Do you feel that ISP’s will ever provide the engagement metrics to the outside world, it is notable some Far East ESP’s already do this?

It’s an interesting notion and the more I work with receiver and anti-abuse community at M3AAWG and the ESPC, I see a willingness to work together.  Being able to work with the team at Google on the creation of a feedback loop was an absolute highlight and really effective for email marketers.  Receivers realize the value in sharing this type of data, but they must also weigh the downside and therefore progress is slow.  Companies like dotmailer who are genuinely interested in anti-abuse and the overall protection of the email ecosystem are game changers as the receivers are willing to work with organizations who have honest intentions and go beyond just wanting to make a quick dollar.

Although marketers and ISP’s track engagement differently, what drives engagement?

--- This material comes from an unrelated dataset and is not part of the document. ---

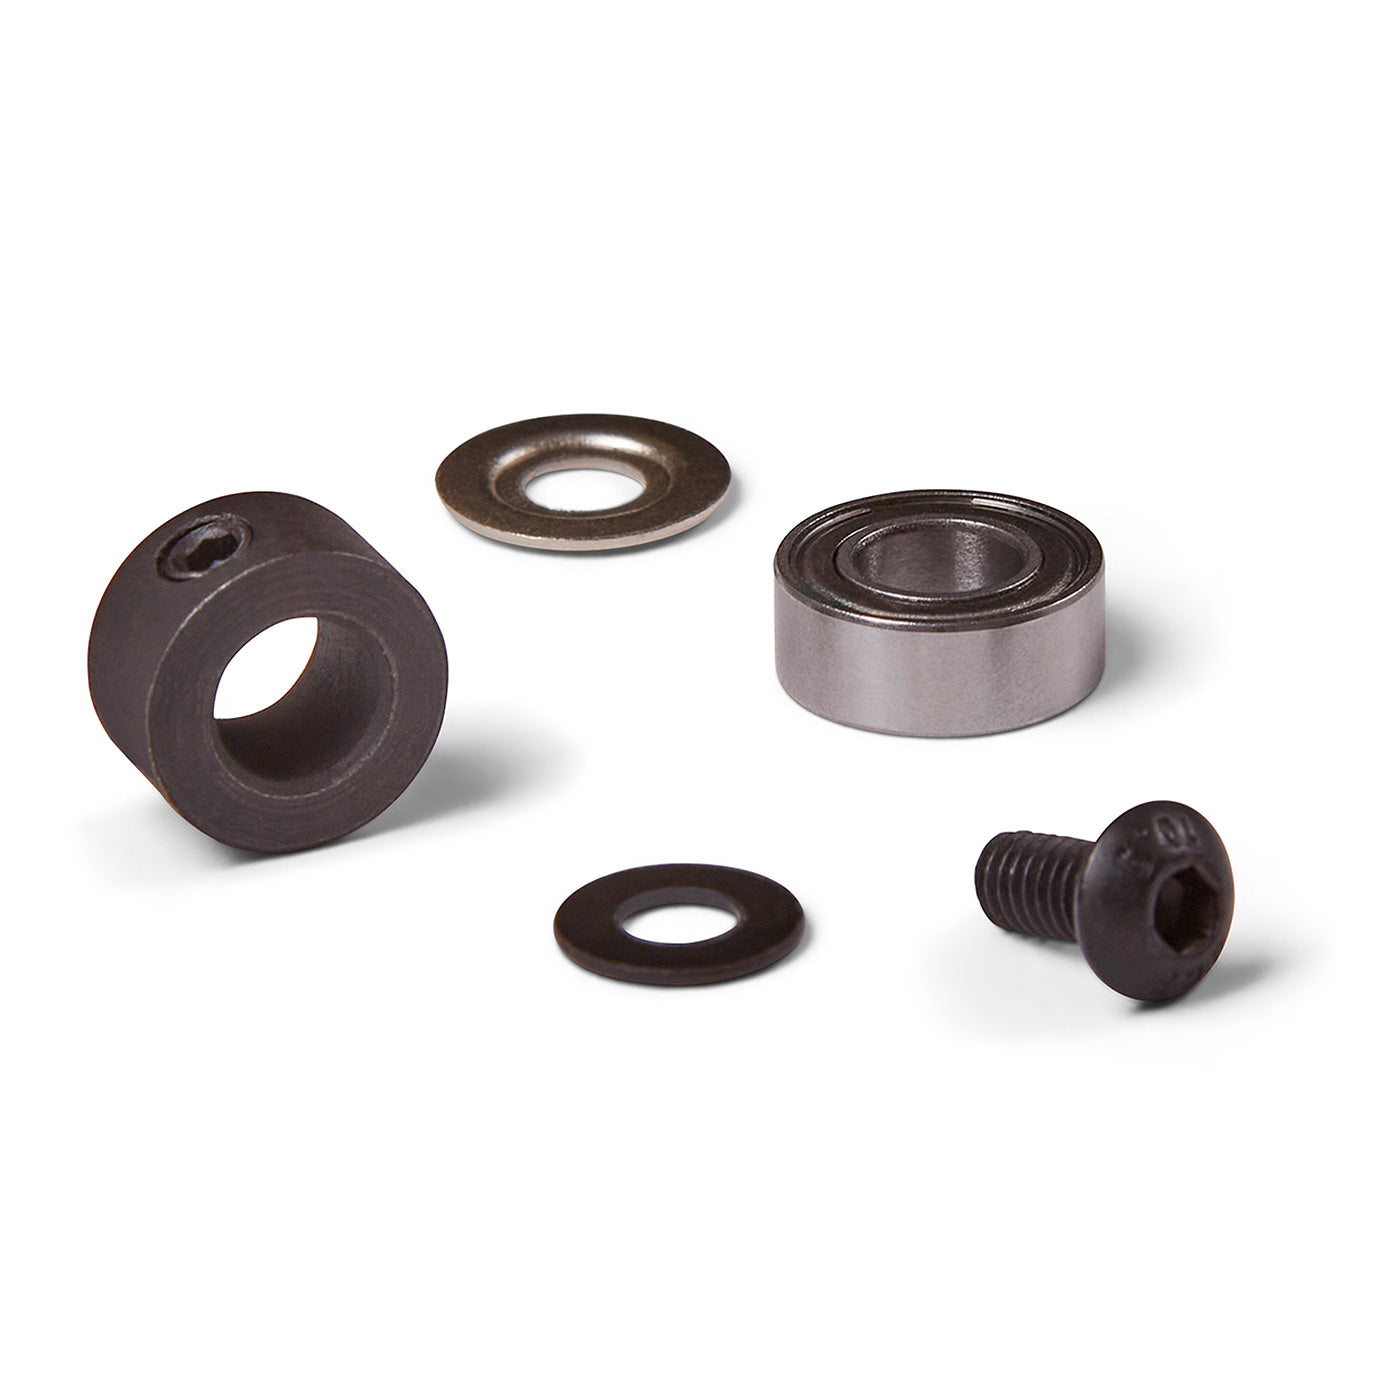 Bearing Kit for R852, R5854 and R5856  
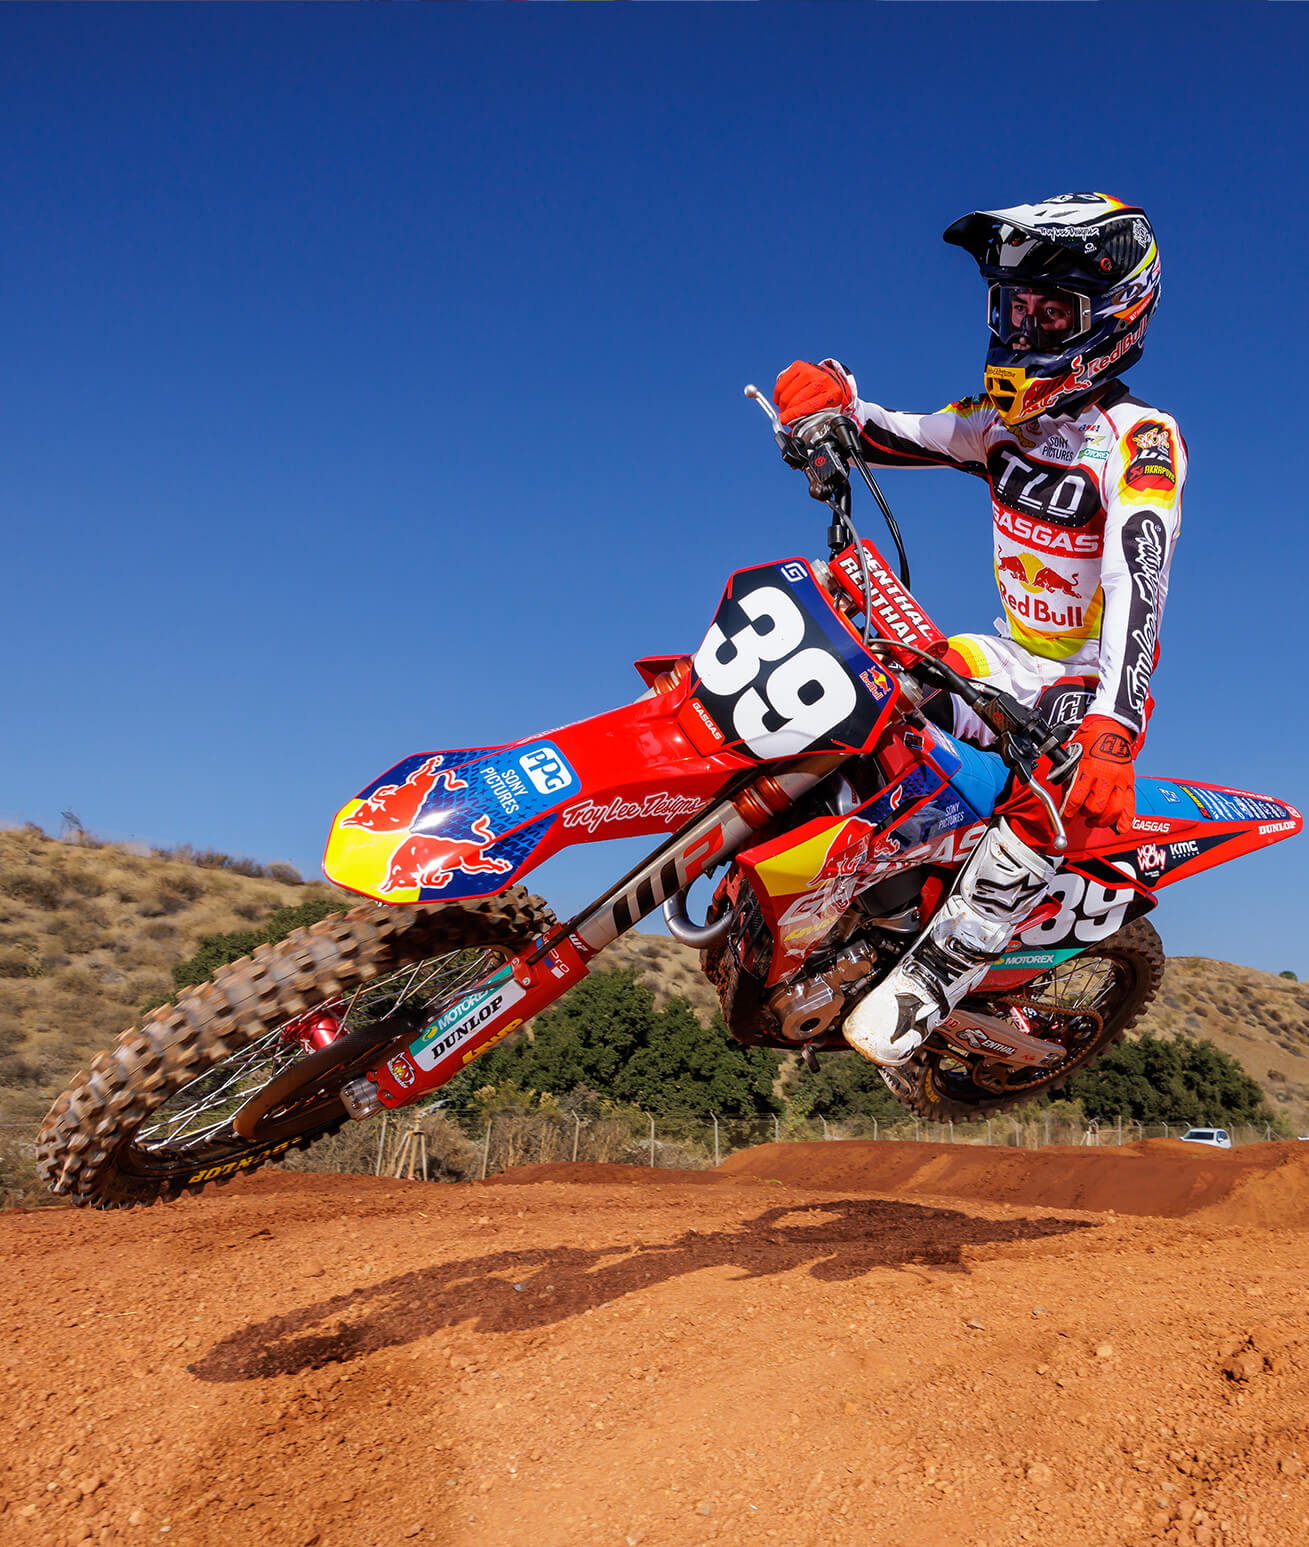 Marvin Musquin on a KTM Bike

Do you feel the message is the same, i.e. to drive engagement you need to send good quality content, based on segmentation and dynamic content at the right cadence?

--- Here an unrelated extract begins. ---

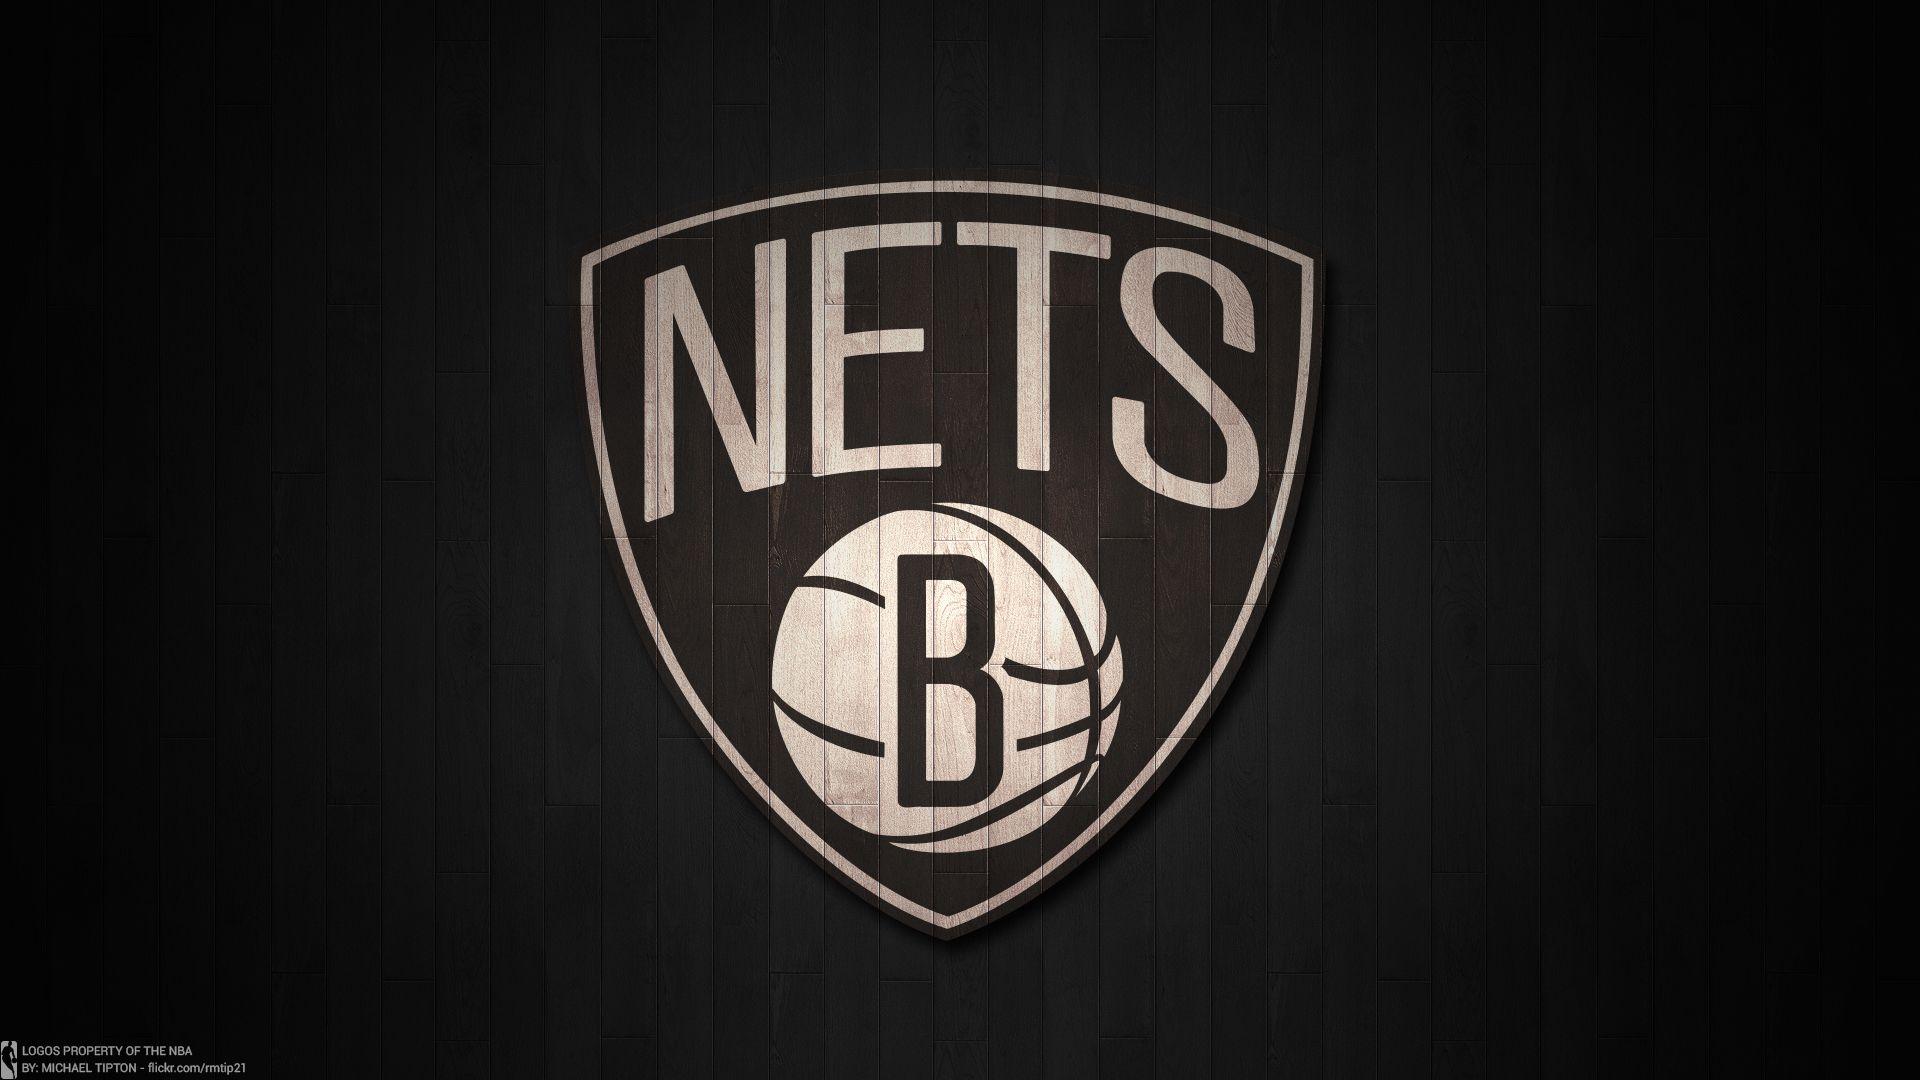 Brooklyn Nets Wallpaper High Resolution and Quality Download
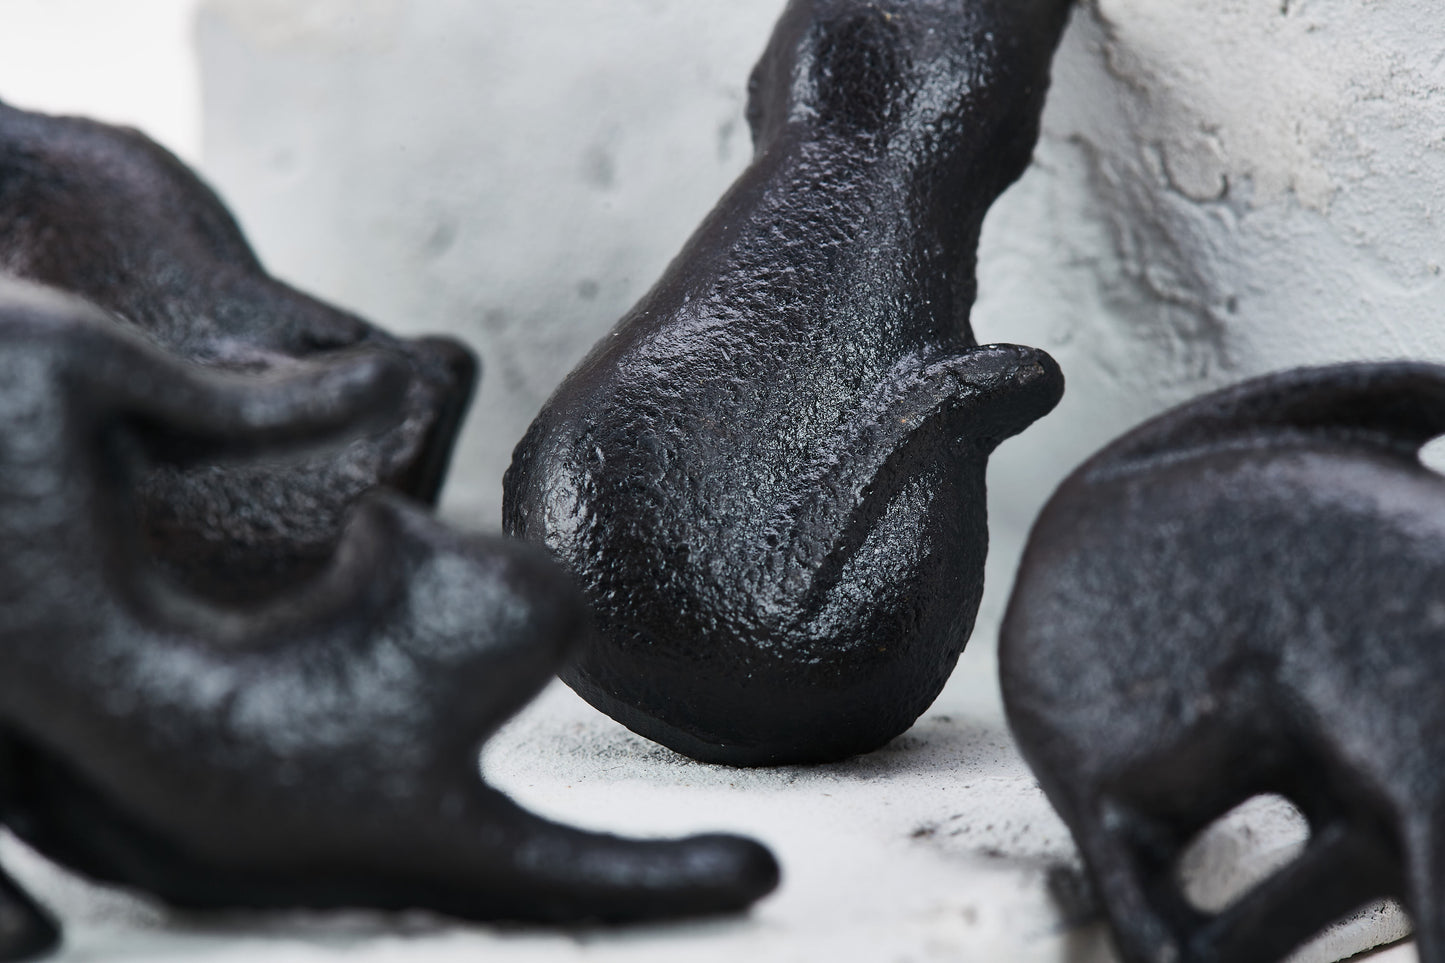 Cast Iron Kitty Drawer Pulls - Lucid and Real

That’s a great question and I’ve always believed there are several elements that drive engagement.  Content to me will always be “king”.  You have to grab the recipients interest in both the subject line (to get them to open) and then in the content.  Think about your own inbox.  If it’s anything like mine, there is no way you would have the time to fully read and react to every single email you receive.  In my case, I open each mail, skim through it and make a quick judgement on each one.  If something jumps out and grabs my attention then I’ll read it completely and respond/react accordingly.  It’s that “skim through it” timeframe where you need to generate enough of an emotional response to really grab a recipient’s attention and convince them that your email is worth reading.  Yes, automation is still very important, but it’s one piece of the puzzle of driving recipient engagement.

We have a famous tradition at dotmailer that each new member of staff gives an interesting fact about themselves at our quarterly ‘All Hands’ meeting. Care to tell the audience what your fact was, it must have been one of our best ones yet!

As you know, I started my career off in the US Army – something which I would not change in my life.  While I am happy to be in the technology and email marketing space today, this experience helped shape who I am today.  I was in some very interesting duty stations like HQEUCOM (Headquarters European Command) which allowed me to be involved in some interesting and well-known engagements.  During my time in the service I saw two major events, one was the combination of Operation Desert Storm and Operation Desert Shield.  In addition to that, my unit was also involved in the support of UNOSOM II (United Nations Operation in Somalia – Phase 2), where the primary duty was to create a secure environment for humanitarian operations to be carried out in Somalia.  The UNOSOM II intervention is well known for the Battle of Mogadishu and the resulting events are portrayed in a book called Black Hawk Down: A Story of Modern War.  There is also an associated film that you might have heard of, Black Hawk Down.  Don’t let Hollywood fool you though, back then I was a geek with a gun and today I’m just a geek… a very big email geek!